Nonlinear discrete Schrödinger equations with a point defect
Dirk Hennig
TL;DR
We address the DNLS on $\mathbb{Z}^d$ with a point defect and general power nonlinearity, studying how linear defect modes and nonlinear self-trapping interact. The authors develop a variational framework on a weighted Nehari manifold to prove the existence of spatially localized ground states (breathers) for focusing nonlinearity and derive explicit excitation thresholds, while also characterizing persistence and upper bounds of linear defect modes under defocusing nonlinearity. They show that, below a mass threshold, solutions scatter to solutions of the linear problem in $l^p$ with decay rates, and they identify a Weinstein-type threshold that governs the scattering vs non-scattering dichotomy. The results highlight how discreteness and defect strength shape localization, threshold phenomena, and long-time dynamics in lattice nonlinear waves with impurities, with potential implications for optical lattices and discrete photonic systems.
Abstract
We study the $d$-dimensional discrete nonlinear Schrödinger equation with general power nonlinearity and a delta potential. Our interest lies in the interplay between two localization mechanisms. On the one hand, the attractive (repulsive) delta potential acting as a point defect breaks the translational invariance of the lattice so that a linear staggering (non-staggering) bound state is formed with negative (positive) energy. On the other hand, focusing nonlinearity may lead to self-trapping of excitation energy. For focusing nonlinearity we prove the existence of a spatially exponentially localized and time-periodic ground state and investigate the impact of an attractive respectively repulsive delta potential on the existence of an excitation threshold, i.e. supercritical $l^2$ norm, for the creation of such a ground states.
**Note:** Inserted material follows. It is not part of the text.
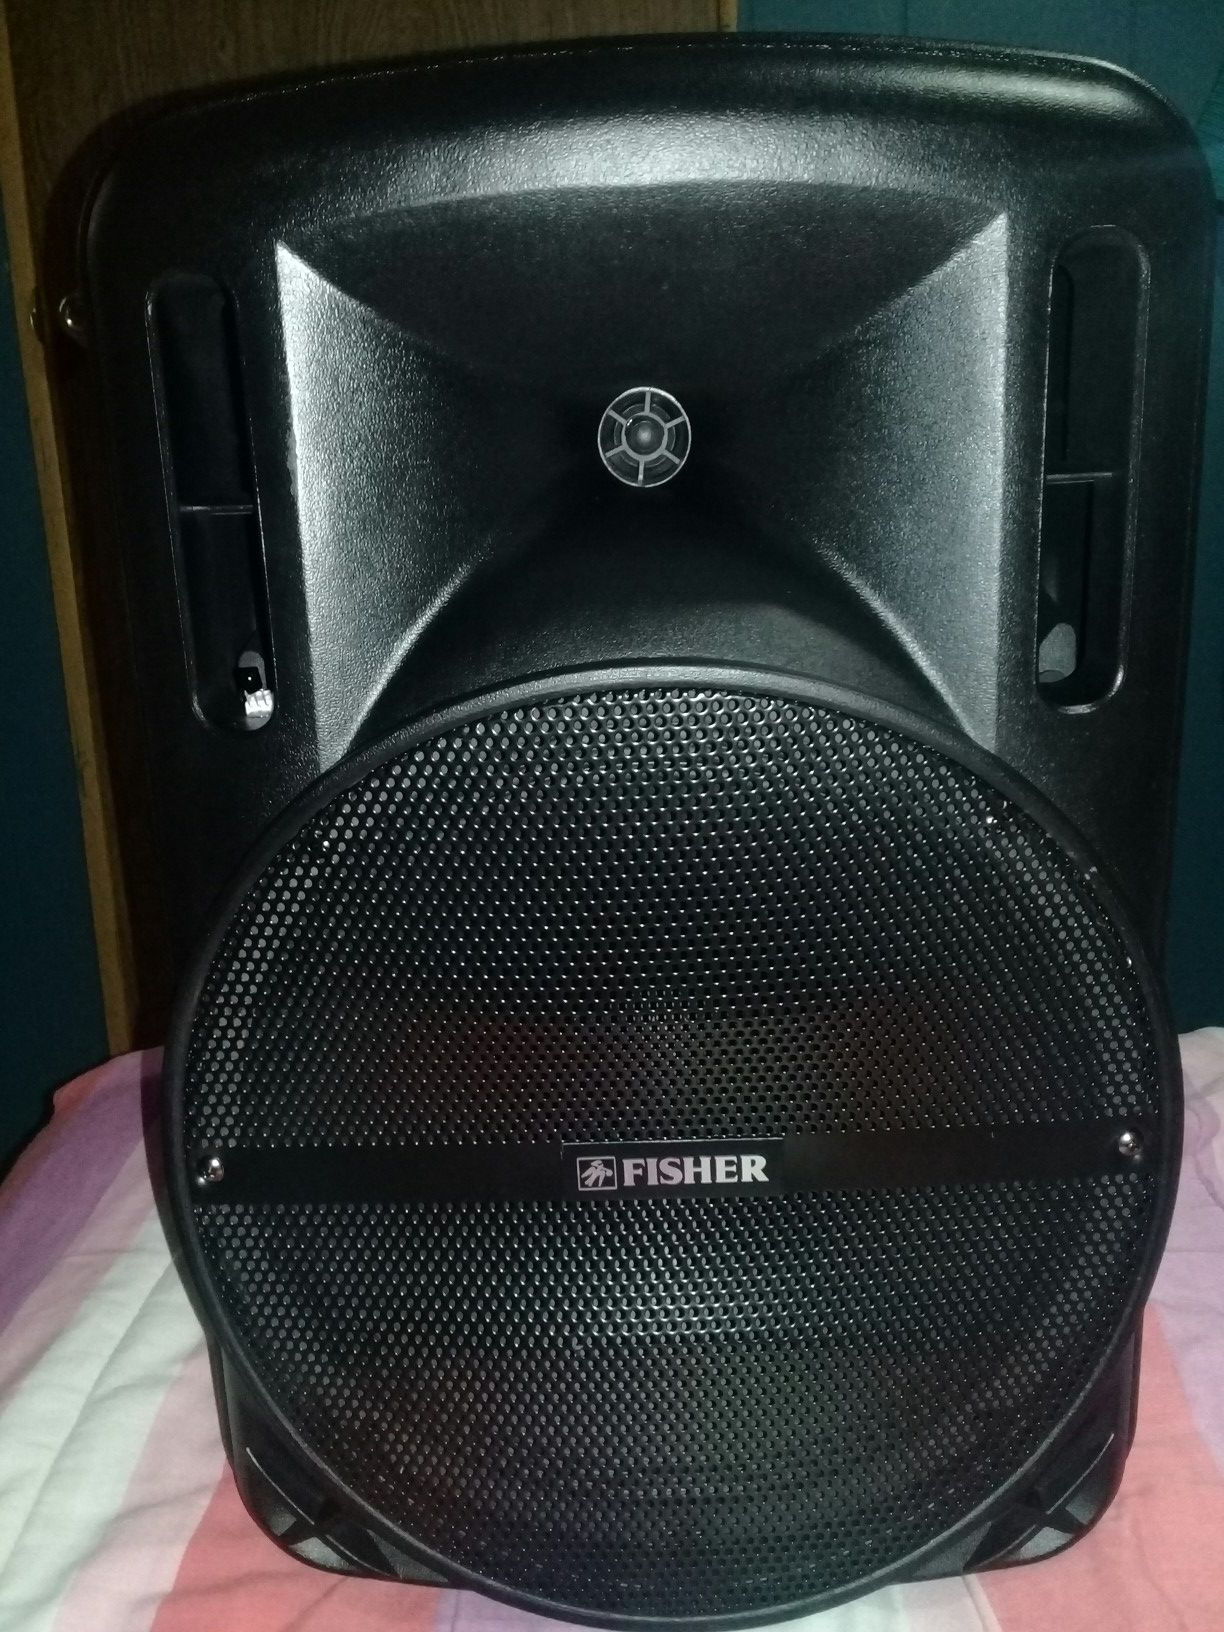 Fisher Speaker rechargable Bluetooth

Explicit expressions for the lower excitation thresholds are given. Reciprocally, we discuss the influence of defocusing nonlinearity on the durability of the linear bound states and provide upper thresholds of the $l^2-$norm for their preservation. Regarding the asymptotic behavior of the solutions we establish that for a $l^2-$norm below the excitation threshold the solutions scatter to a solution of the linear problem in $l^{p>2}$.